We can see that it is more readable since we don't have to index into our string anymore. This means that there is less to follow along with and keep track of; rather than keeping track of both the current index we are on and what letter that index corresponds to in our string, all we have to keep track of is the current letter we're on. We can also note that our code just looks cleaner and more simple, too. In terms of making our code more optimal, since we no longer have to index into the string to grab characters, we have fewer steps in each iteration of the loop. This means less work for Python to do.

#### A Quick Aside on String Formatting 

There's one more thing that we should talk about before moving on from our discussion of strings - string formatting. String formatting is going to allow us to format strings in certain ways. Probably most usefully, it's going to allow us to insert variable contents into strings dynamically. Let's look at the syntax of it all.  

```python
In [1]: my_name = 'Sean'

In [2]: print('Hello %s' % my_name)

In [3]: print('Hello {}'.format(my_name))

In [4]: print(f'Hello {my_name}')
```

How is this working? Well, in each case, it's filling in a given part of our string with the value of our variable. In the first case, we use a `%` sign to denote where the replacement should happen, followed by a letter to denote what type of variable will be passed in there (`s` is used for string, `d` is for a decimal, etc.). You can find what each letter denotes [here](https://docs.python.org/2/library/stdtypes.html#string-formatting). In the second case, we use brackets `{}` to denote where the replacement should take place.
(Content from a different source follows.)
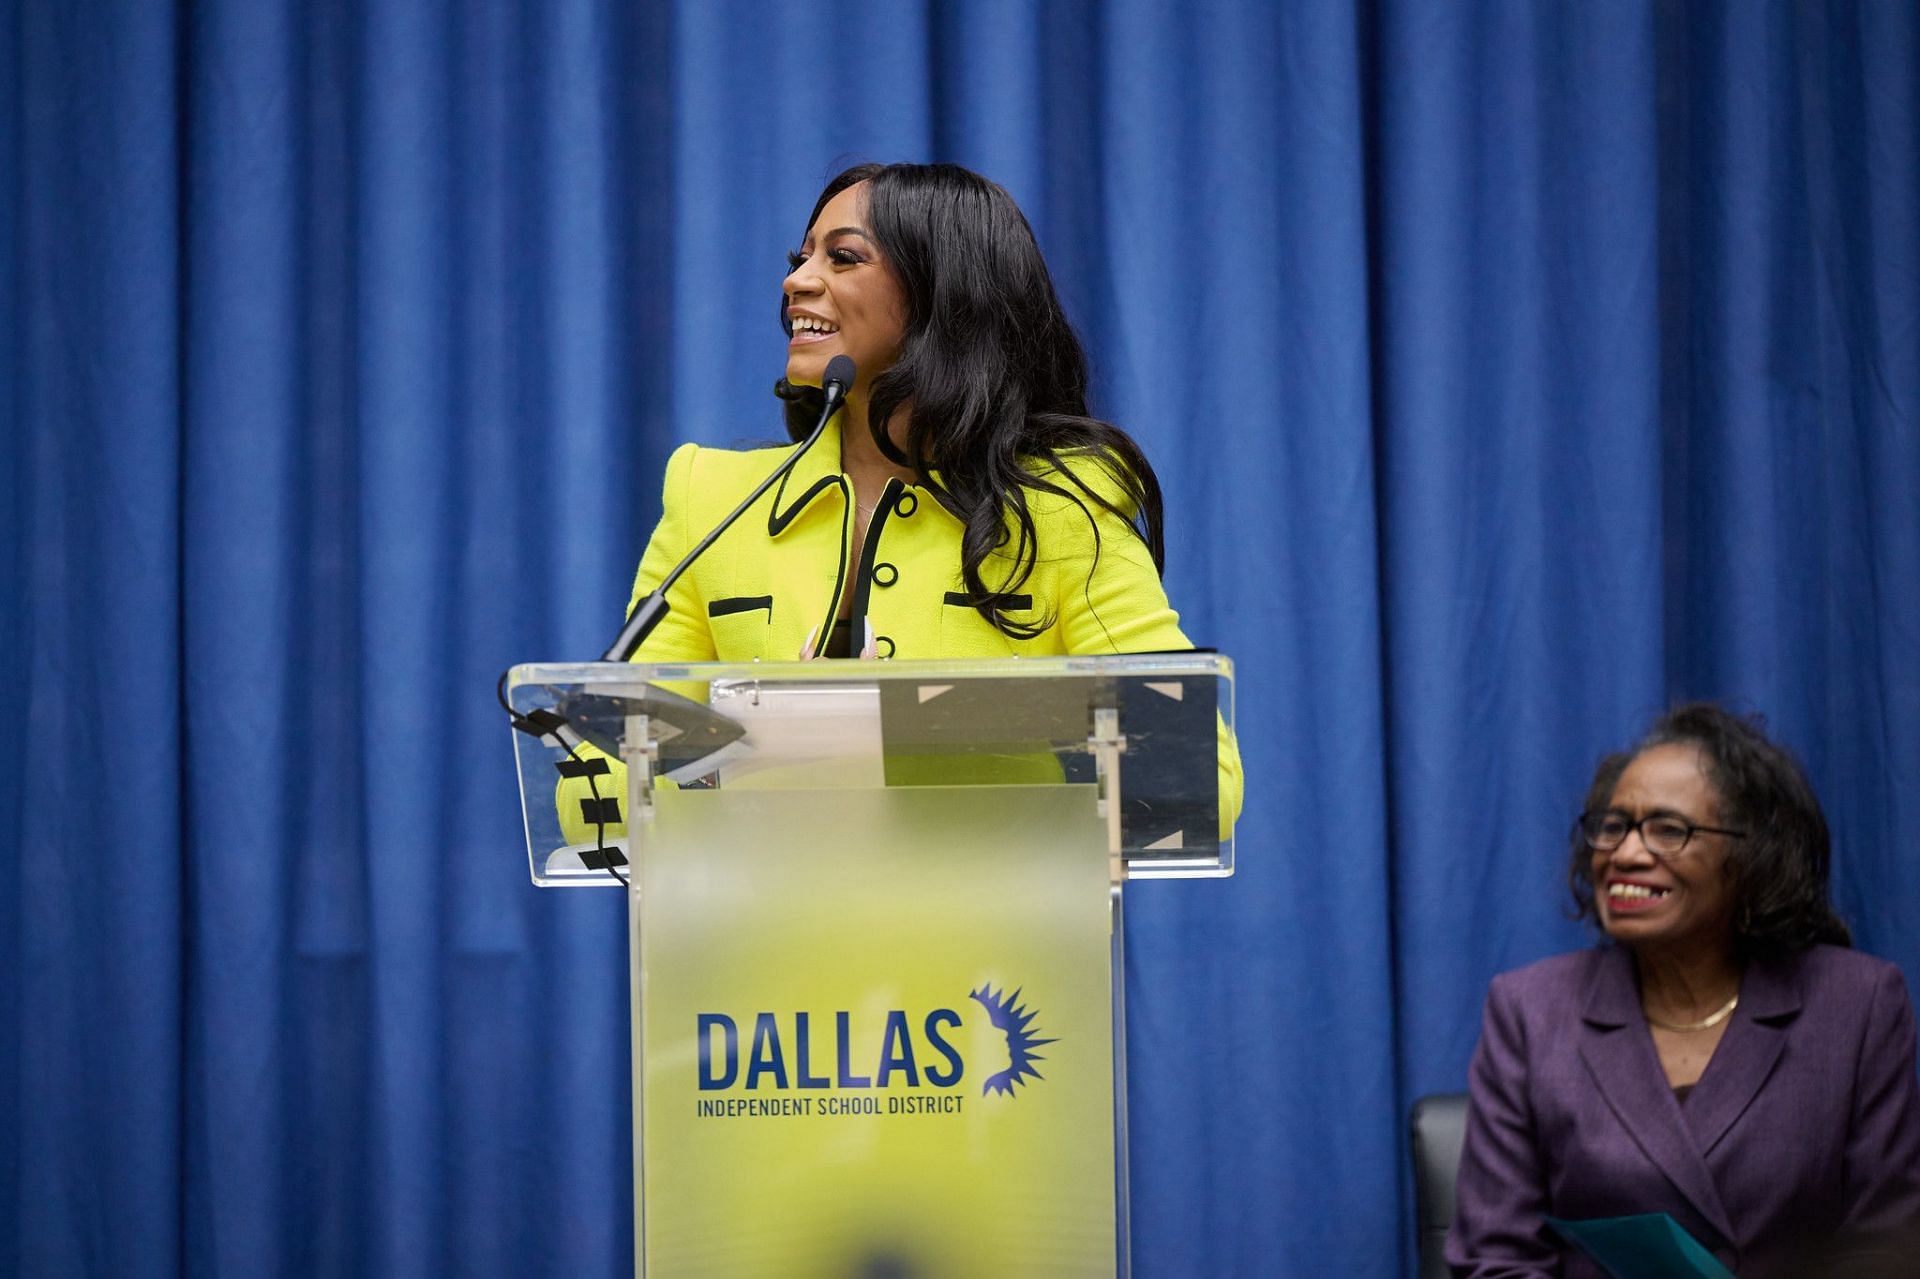 Richardson addressing the audience (Images by @dallasschools)

We can also place numbers, or even variable names themselves inside these brackets and reference them in the `format()` method or the f-string (`f"{variable}"`).

```python
In [1]: print('Hello {0}'.format(my_name))


In [2]: print('Hello {name}'.format(name=my_name))

```

This is something that we don't use much past pretty simple cases, but there are many more things you can do with it - you can read about them [here](https://docs.python.org/2/library/string.html#format-specification-mini-language). In general, though, string formatting is much more readable and dynamic as compared to a bunch of concatenation.

## Check your understanding
**String Operation Questions**

1. When does the distinction between using single and double quotes to build a string matter?
2. Fix the following string to be considered valid and not throw an error when run.
    * `'They told me not to do this, but I didn't listen.'`
3. Create a variable that holds a string of your name.
4. Create another variable that holds a string of your best friend's name.
5. Now, use string concatenation (e.g. addition) to add 'Hello, ' before your name. 
6. Given the string 'Hello, Sean', replace each of the letter 'e''s with a 't'.
7. Use the `.split()` method on the string 'Hello, Sean' to split it by the comma (`','`).
    * What happens if you split by a comma and a space (`', '`)?